You can now inspect your file and verify that it contains indeed the sequence of all the previous files. For this you can either use more:

        more all.fasta

Or, for example, check only the fasta headers to see if all the ones from the three files are in all.fasta:

        grep ">" all.fasta

Searching files by name

 

Task:

Find all the files with names starting with ``latestPaper_v'' in the directory /home/bioinfo/tdr2006/researchGroup and its subdirectories.

Comments:

Searching for files with specific names or parts of the name is a very common task. Very frequently users download some file from the internet and realize later they are not where they were supposed to be. To perform this task the unix shell has the program find. In this program the user specifies the name of the file to be searched and the starting point of the search (a directory). As a result find will show the path to all the files matching the request. You can either specify the complete file name or use wildcards to specify only parts of the name.

Issuing the commands:

We want to find all files starting with ``lastesPaper_v'', so will accept anything after this initial part of the name. To specify that we just put the wildcard at the end. We also want to start the search at the directory ``/home/bioinfo/tdr2006/researchGroup'', therefore you should issue the command:

      find /home/bioinfo/tdr2006/researchGroup -name ``latestPaper_v*''

As a result you will see the file names with their complete path.

Copying files

 

Task:

Create the directory ``papers'' in your home directory. Copy the files you found in the previous item the new directory you just created. o a directory in your account. account (they should be 2, one in each directory in /home/bioinfo/tdr2006/researchGroup (find, cp, cd)

Comments:

When copying files, we can also use wildcards. It is important to remember that, if we use wildcards, are probably specifying more than one file to be copied, so the destinatino have to be a directory.

Issuing the commands:

First we need to create the new directory. We will first go to the home directory by using the command cd with no argument, and then by using mkdir to create the new directory:

       cd
       mkdir papers

Now, here were two files found in the previous item: ``/home/bioinfo/tdr2006/researchGroup/dir1/latestPaper_v1.txt'' and ``/home/bioinfo/tdr2006researchGroup/dir2/latestPaper_v3.txt''. There are many ways in which we can perform the copy, depending if we use relative paths or absolute paths and on our use of wilcards. We will show three.
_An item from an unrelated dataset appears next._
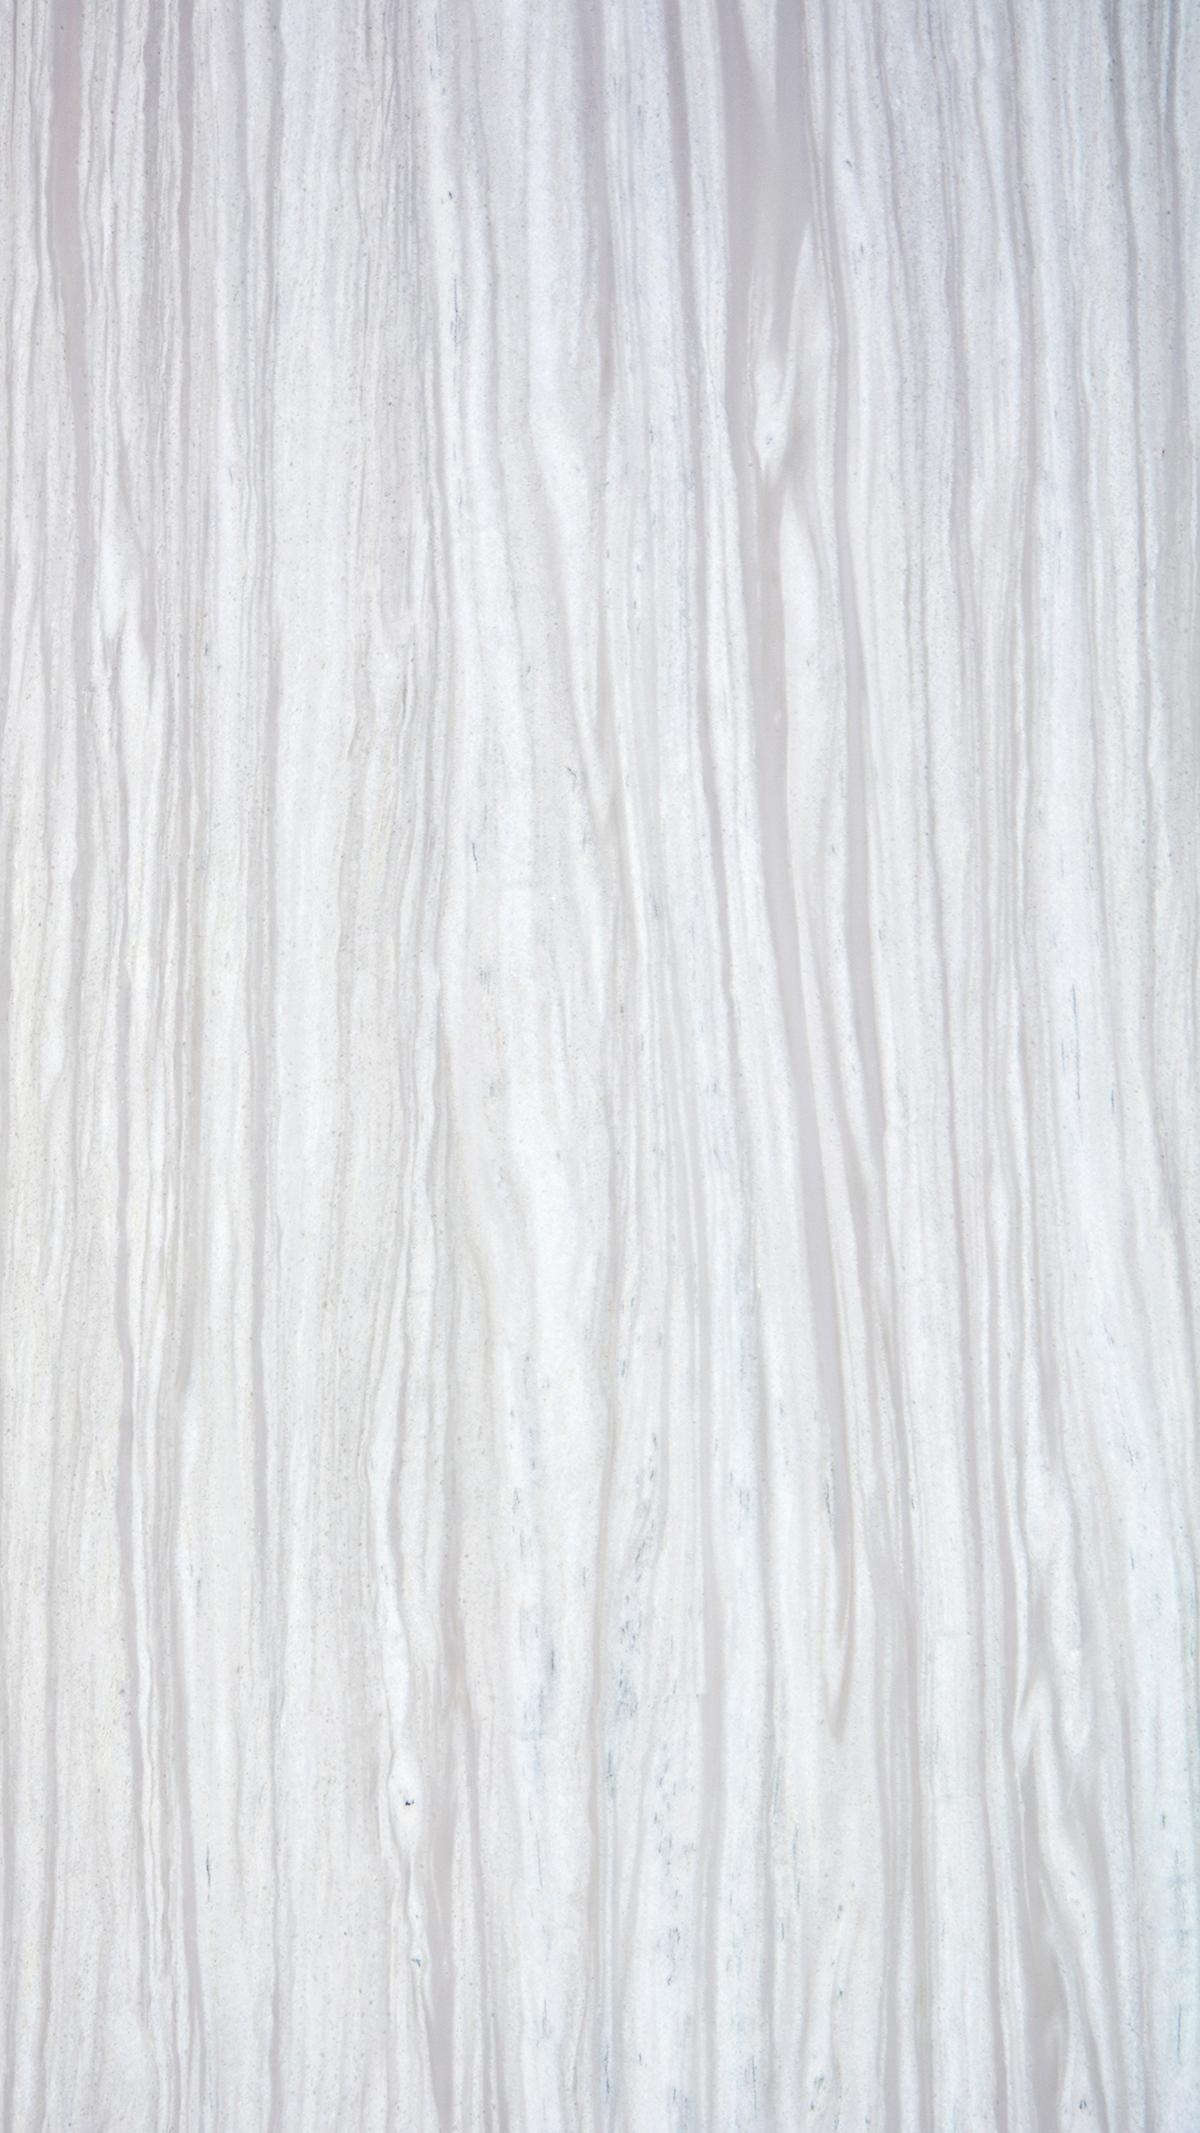 SIBERIAN WHITE VC MARBLE

In the first one we use only relative paths and no wildcard

      cp ../bioinfo/tdr2006/researchGroup/dir1/latestPaper_v1.txt ../researchGroup/dir2/latestPaper_v3.txt papers

Now we use absolute paths for the source files:

      cp /home/bioinfo/tdr2006/researchGroup/dir1/latestPaper_v1.txt /home/bioinfo/researchGroup/dir2/latestPaper_v3.txt papers

Finally we try a shorter version, with wildcards:

      cp ../bioinfo/tdr2006/researchGroup/dir*/latestPaper_v* papers

Please note that wilcards were used twice, once to describe the directory names and the next time to specify the files.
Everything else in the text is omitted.